From: Florian Weimer
Date: Fri Nov 26 2021 - 18:20:30 EST


* Andy Lutomirski:

> On Fri, Nov 26, 2021, at 12:24 PM, Florian Weimer wrote:
>> * Andy Lutomirski:
>>
>>> On Fri, Nov 26, 2021, at 5:47 AM, Florian Weimer wrote:
>>>> Distributions struggle with changing the default for vsyscall
>>>> emulation because it is a clear break of userspace ABI, something
>>>> that should not happen.
>>>>
>>>> The legacy vsyscall interface is supposed to be used by libcs only,
>>>> not by applications. This commit adds a new arch_prctl request,
>>>> ARCH_VSYSCALL_LOCKOUT. Newer libcs can adopt this request to signal
>>>> to the kernel that the process does not need vsyscall emulation.
>>>> The kernel can then disable it for the remaining lifetime of the
>>>> process. Legacy libcs do not perform this call, so vsyscall remains
>>>> enabled for them. This approach should achieves backwards
>>>> compatibility (perfect compatibility if the assumption that only libcs
>>>> use vsyscall is accurate), and it provides full hardening for new
>>>> binaries.
>>>
>>> Why is a lockout needed instead of just a toggle? By the time an
>>> attacker can issue prctls, an emulated vsyscall seems like a pretty
>>> minor exploit technique.

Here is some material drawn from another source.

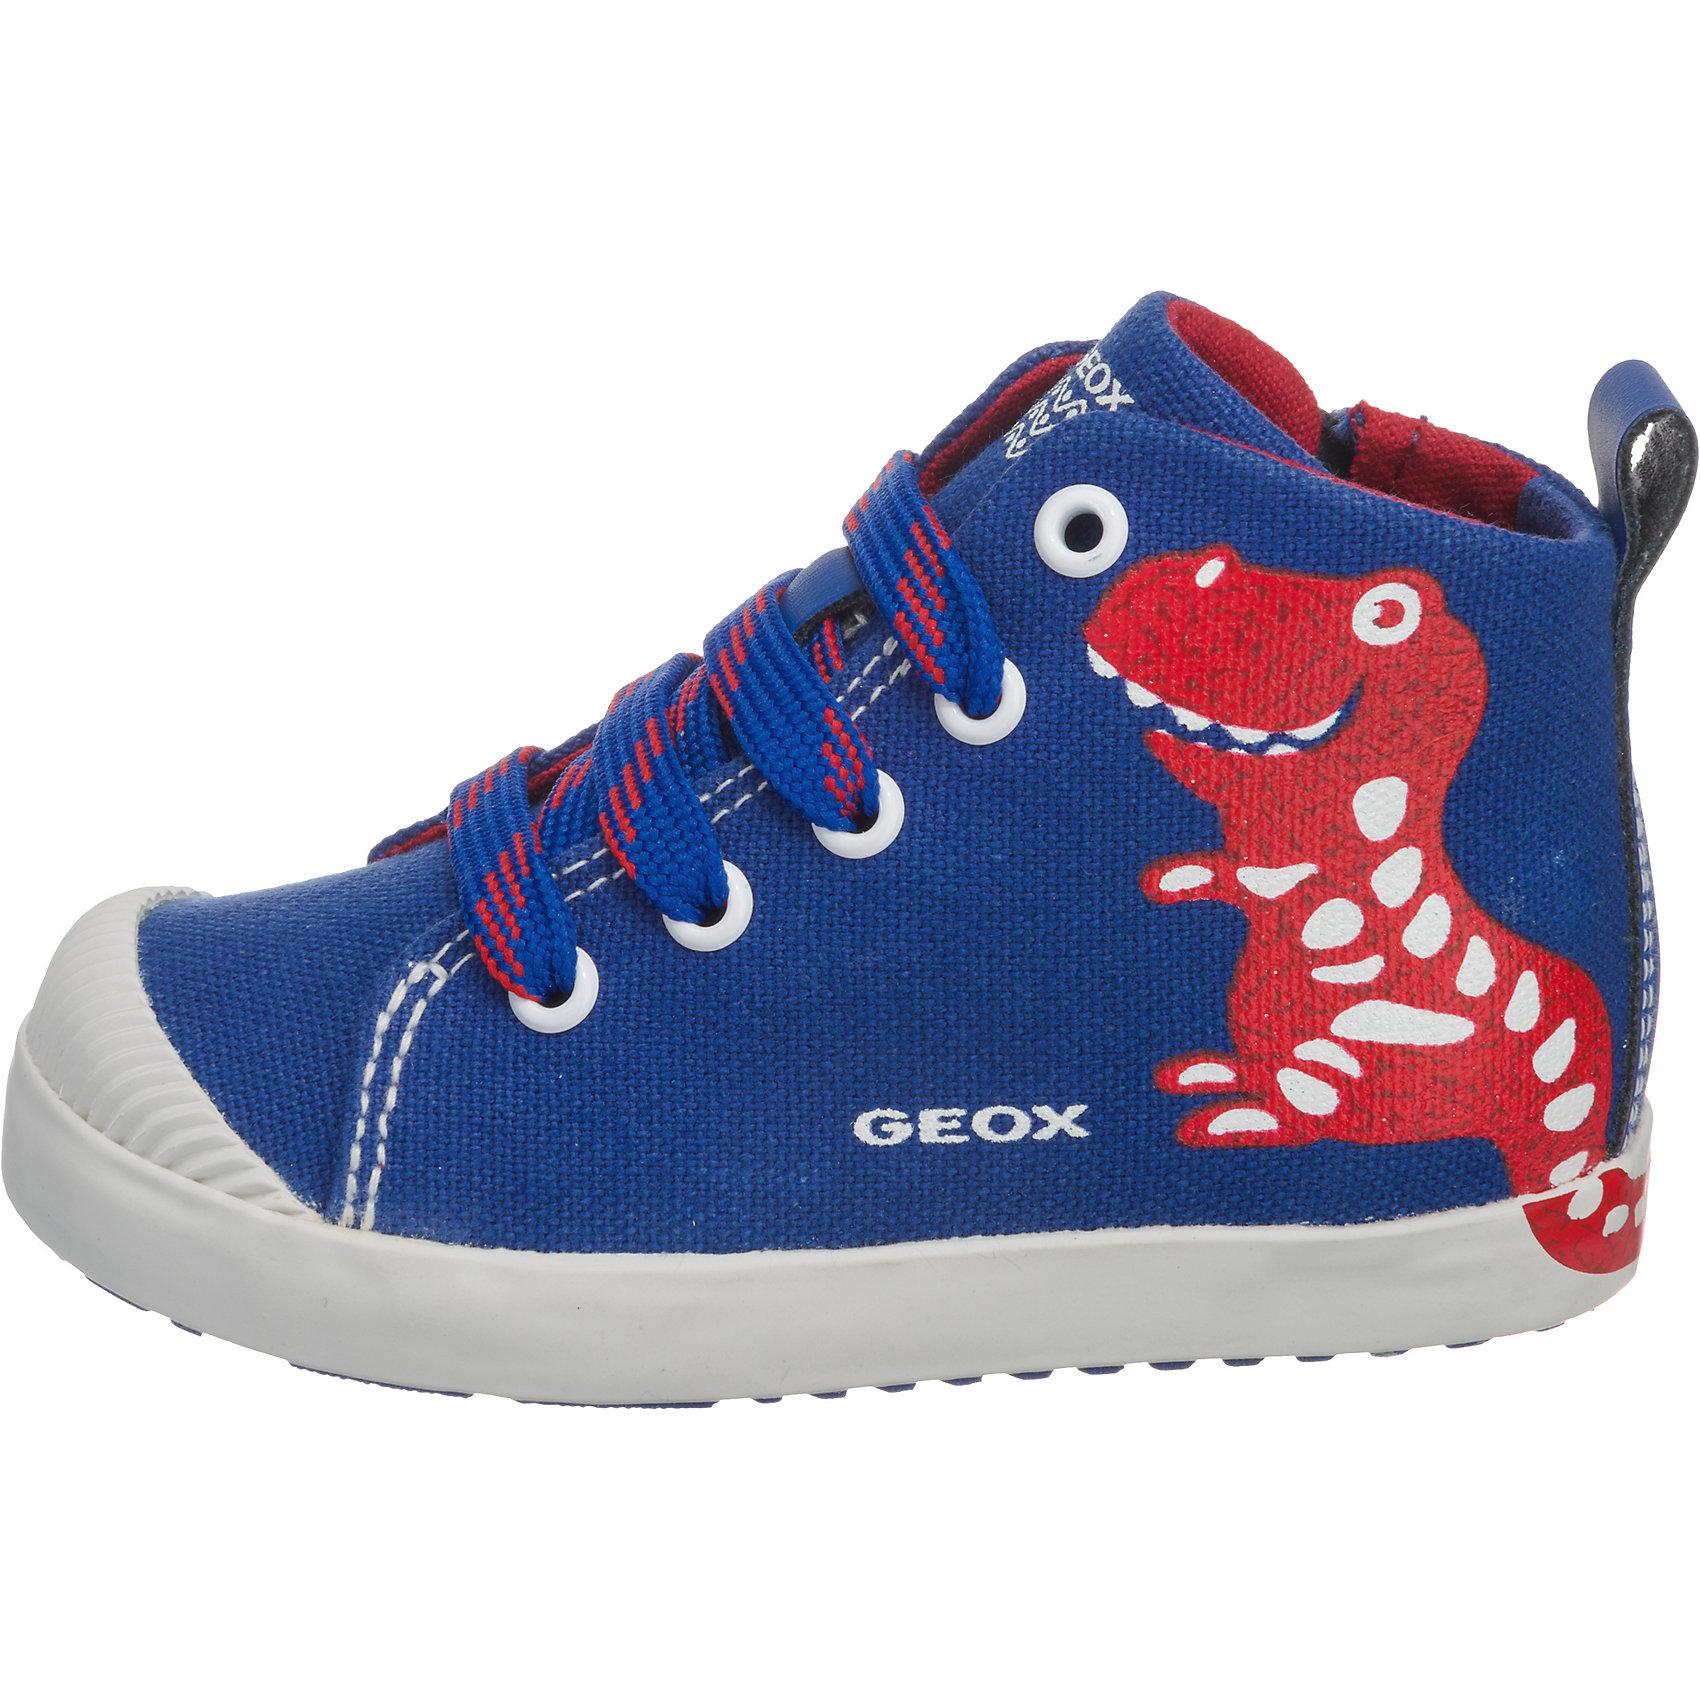 Neu GEOX Lauflernschuhe KILWI für Jungen, Dino 7209631 für

And programs that load legacy modules or
>>> instrument other programs might need to re-enable them.
>>
>> For glibc, I plan to add an environment variable to disable the lockout.
>> There's no ELF markup that would allow us to do this during dlopen.
>> (And after this change, you can run an old distribution in a chroot
>> for legacy software, something that the userspace ABI break prevents.)
>>
>> If it can be disabled, people will definitely say, “we get more complete
>> hardening if we break old userspace”. I want to avoid that. (People
>> will say that anyway because there's this fairly large window of libcs
>> that don't use vsyscalls anymore, but have not been patched yet to do
>> the lockout.)
>
> I’m having trouble following the logic. What I mean is that I think it
> should be possible to do the arch_prctl again to turn vsyscalls back
> on.

The “By the time an attacker can issue prctls” argument does resonate
with me, but I'm not the one who needs convincing.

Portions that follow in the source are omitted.